Given : iRange = 5 and n = 3

Then the number of combinations is iRange! / ((iRange!-n!)*n!) = 5! / (5-3)! * 3! = 10 iRange! / ((iRange!-n!)*n!) = 5! / (5-3)! * 3! = 10 iRange! / ((iRange!-n!)*n!) = 5! / (5-3)! * 3! = 10 combinations, and the output is:

123 - 124 - 125 - 134 - 135 - 145 - 234 - 235 - 245 - 345

Another example:

Given : iRange = 4 and n = 2

Then the number of combinations is iRange! / ((iRange!-n!)*n!) = 4! / (4-2)! * 2! = 6 iRange! / ((iRange!-n!)*n!) = 4! / (4-2)! * 2! = 6 iRange! / ((iRange!-n!)*n!) = 4! / (4-2)! * 2! = 6 combinations, and the output is:

12 - 13 - 14 - 23 - 24 - 34

My attempt so far is:

#include <iostream>
using namespace std;

int iRange= 0;
int iN=0;

int fact(int n)
{
    if ( n<1)
        return 1;
    else
    return fact(n-1)*n;
}

void print_combinations(int n, int iMxM)
{
    int iBigSetFact=fact(iMxM);
    int iDiffFact=fact(iMxM-n);
    int iSmallSetFact=fact(n);
    int iNoTotComb = (iBigSetFact/(iDiffFact*iSmallSetFact));
    cout<<"The number of possible combinations is: "<<iNoTotComb<<endl;
    cout<<" and these combinations are the following: "<<endl;


    int i, j, k;
    for (i = 0; i < iMxM - 1; i++)
    {
        for (j = i + 1; j < iMxM ; j++)
        {
            //for (k = j + 1; k < iMxM; k++)
                cout<<i+1<<j+1<<endl;
        }
    }
}

int main()
{
    cout<<"Please give the range (max) within which the combinations are to be found: "<<endl;
    cin>>iRange;
    cout<<"Please give the desired number of combinations: "<<endl; 
    cin>>iN;
    print_combinations(iN,iRange);
    return 0;   
}

My problem: The part of my code related to the printing of the combinations works only for n = 2, iRange = 4 and I can't make it work in general, ie, for any n and iRange .

Answer 1

Your solution will only ever work for n=2. Think about using an array (combs) with n ints, then the loop will tick up the last item in the array. When that item reaches max update then comb[n-2] item and set the last item to the previous value +1.

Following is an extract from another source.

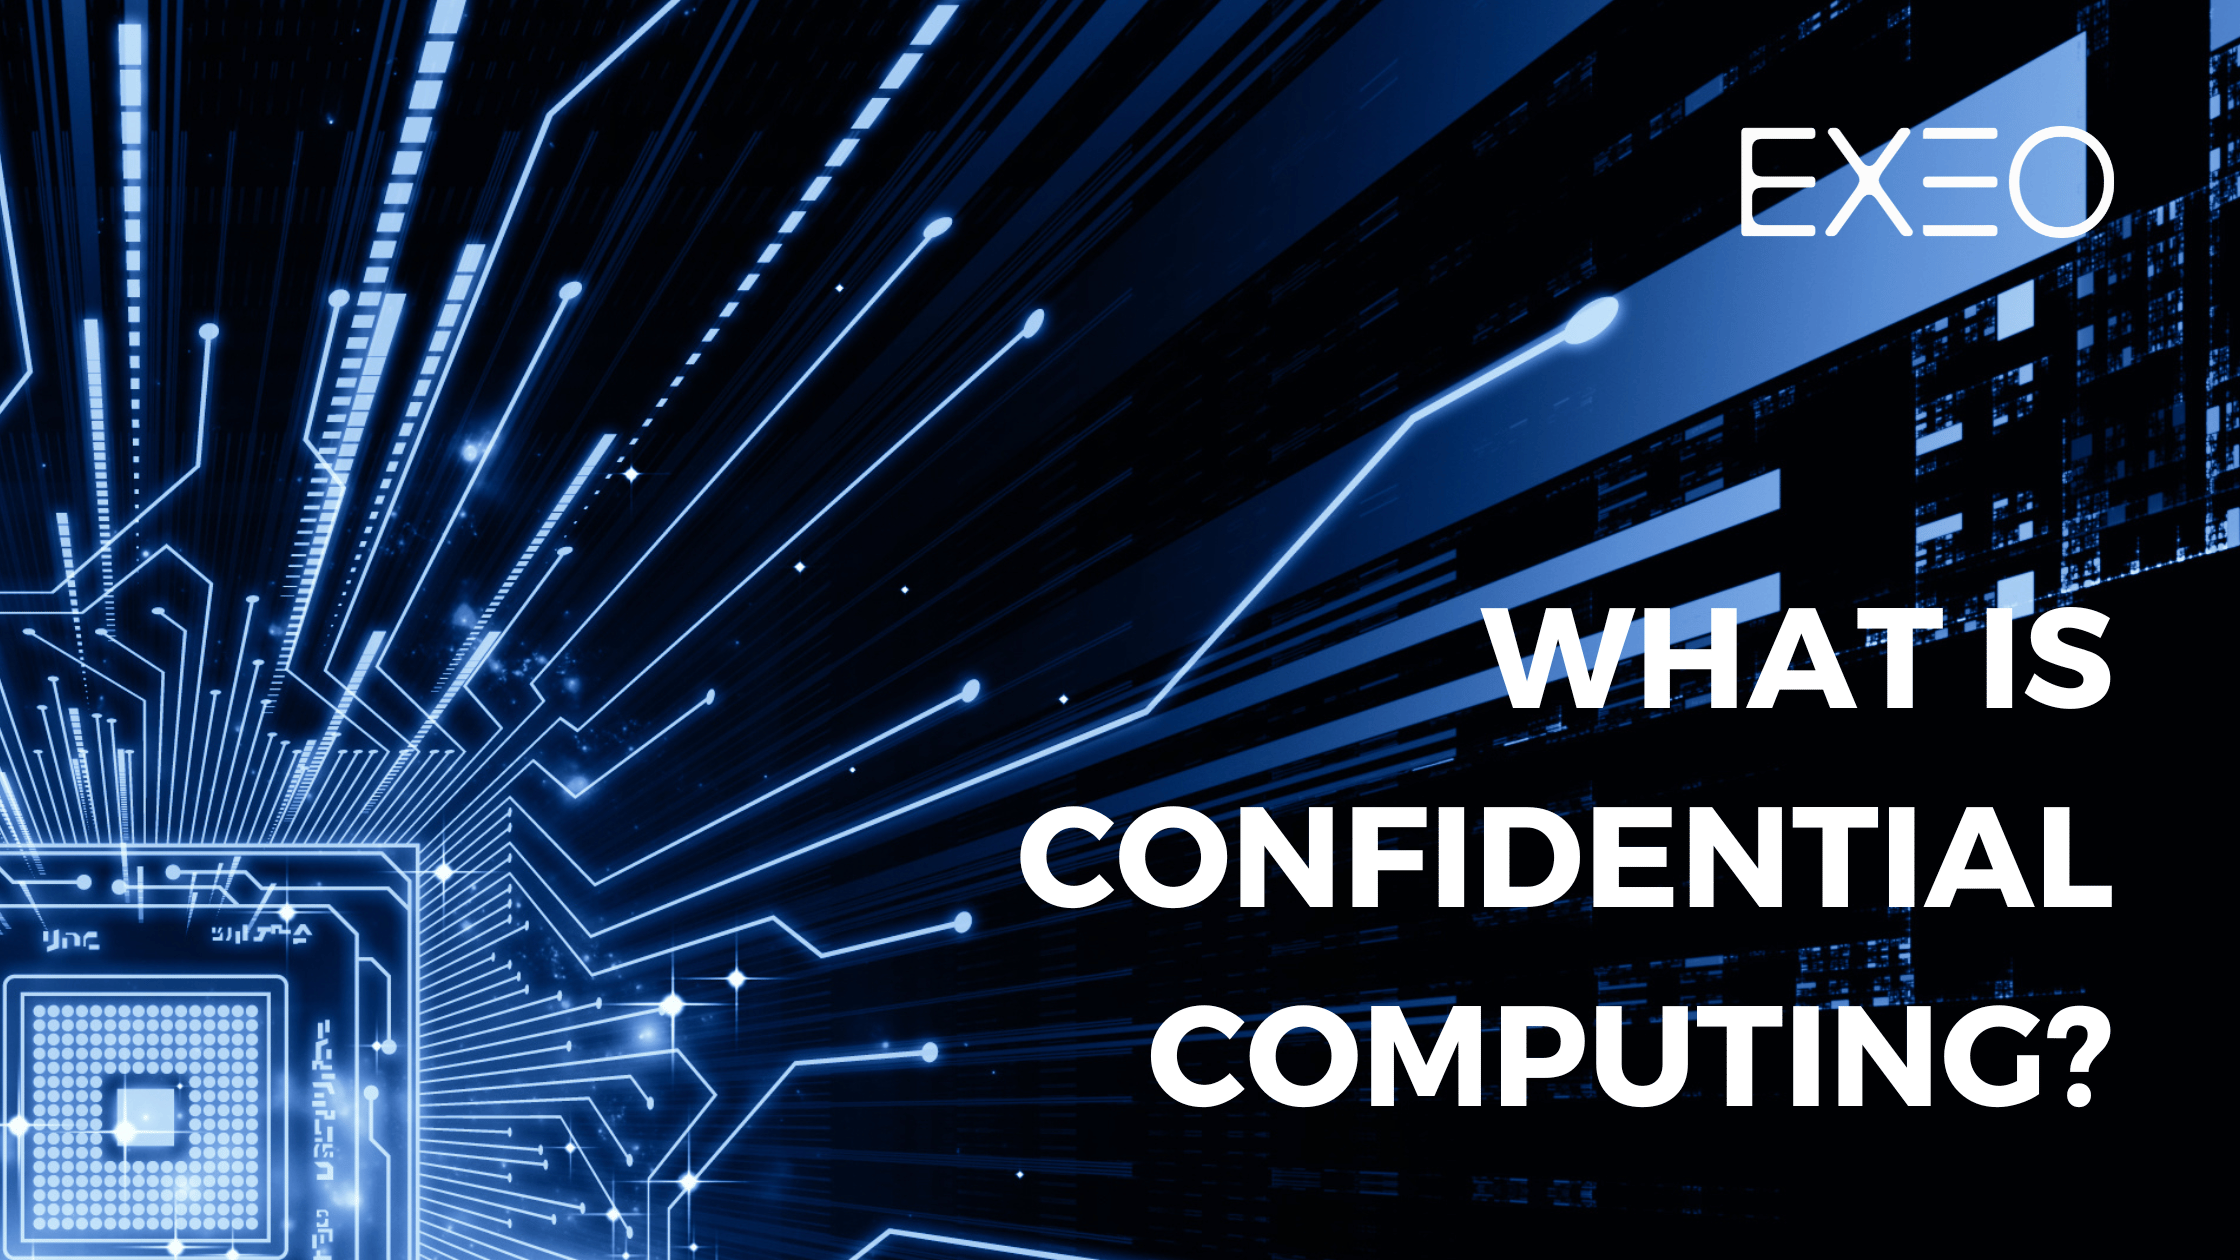 What is confidential computing?

Basically working like a clock but you need logic to find what to uptick and what the next minimum value is.

Answer 2

Looks like a good problem for recursion.

Define a function f(prefix, iMin, iMax, n) , that prints all combinations of n digits in the range [ iMin , iMax ] and returns the total number of combinations. For n = 1, it should print every digit from iMin to iMax and return iMax - iMin + 1 .

For your iRange = 5 and n = 3 case, you call f("", 1, 5, 3) . The output should be 123 - 124 - 125 - 134 - 135 - 145 - 234 - 235 - 245 - 345 .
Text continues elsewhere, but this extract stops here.